I’ve been thinking about my goals for 2018. The list below is what I came up with.
To listen to my inner nudges/intuition more than I do now. I’m not very good at this. Listening to myself wasn’t encouraged when I was growing up. I would like to be more in touch with part of myself.
To be kinder to myself. I am my own worst critic. I would like to be my biggest supporter.
To heal my inner child and my soul so I can be the person I was meant to be.
To deal with my menopausal anger and see what issues come up from the past that I need to deal with and heal.
To be a good steward of my talents. I don’t really think I’m doing this right now. I’m not sure what my talents really are. I’m not really a church person, but I do believe in a higher power and I believe we are all given talents the help us evolve on our spiritual path. I want to give myself the time and space to explore what my talents might be.
To find what makes me happy job wise. I like my job and I like the people I work with, but I don’t feel I can express who I really am at my job or figure out what my talents really are. I make good money, but working 10 hours a day doing something that doesn’t fulfill my soul doesn’t work for me anymore. I would like to find my purpose and make a living at that. I realize that may be take longer than 2018, but at least I can start thinking about it and possibly make little changes.

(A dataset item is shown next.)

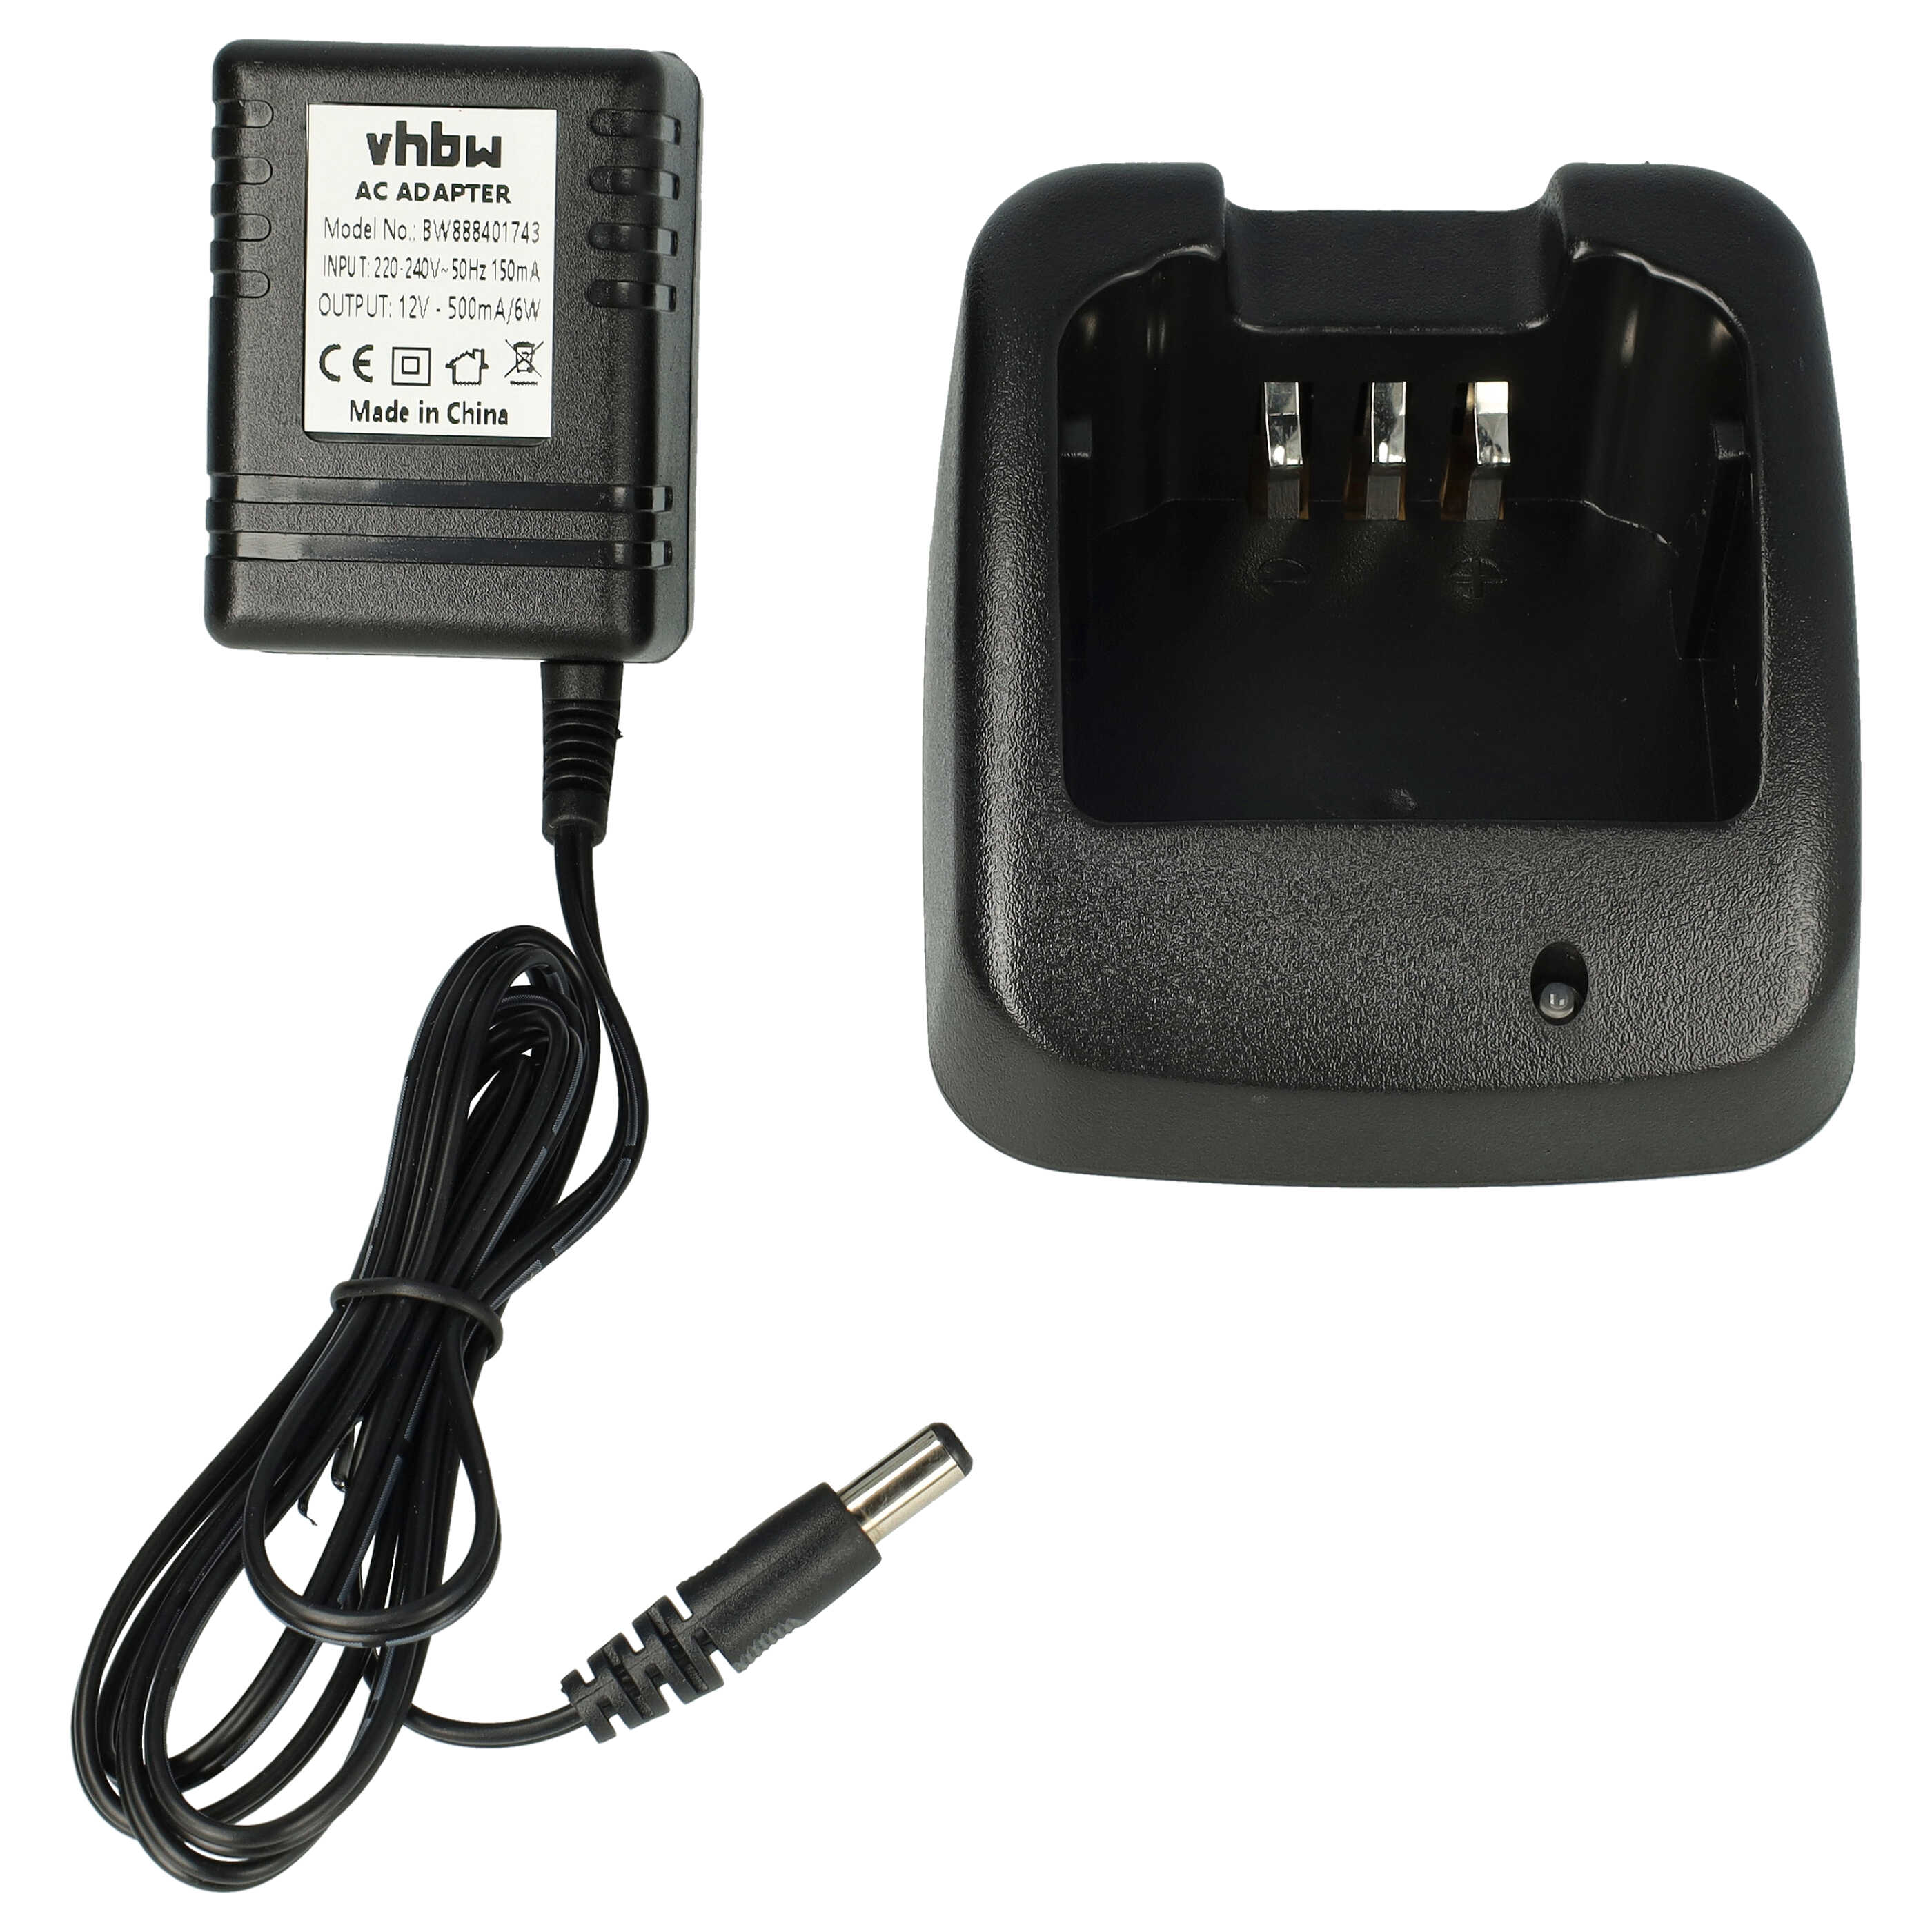 Charger Suitable for Icom IC-F3031S Radio Batteries - 12 V, 0.5 A

To learn more about the stuff that interests me. Past lives, Kundalini and chakras, intuition, organizing stuff and dragons. These things have always interested me, but I’ve never explored any of them fully. I have just been learning about the healing energy of dragons, which really fascinates me, but that’s another post.
To take two hours every Sunday (now that football is over. Well, it’s over for me. Pittsburgh lost today) and learn how to cook. I suck at cooking. I’ve never taken the time to learn. I would like to learn how to cook healthy meals that I can freeze. I need to definitely learn how to cook/eat healthier, greener meals.
To use the Simply Fit Board that my husband bought me for Christmas. This was an item on my Christmas list, but I haven’t used it yet. I have to figure out the DVD player to use it and I haven’t yet. I don’t understand why I just can’t just push play anymore and something works. I should just be able to use one remote, push play and be done.
To write an hour a day, find a writer’s group, and find out who I am as a writer.
To be more understanding/tolerant of others and their situations. We are all walking on this earth, but we are not all on the same spiritual path. We are all fighting out own battles. I need to be more kinder in certain situations instead of passing judgement on things that I may know nothing about — even if I think I do.
I know this is kind of an odd list. It surprised me, too. It’s not what I set out to write, but it’s what I want to do so I’m going to give it a shot.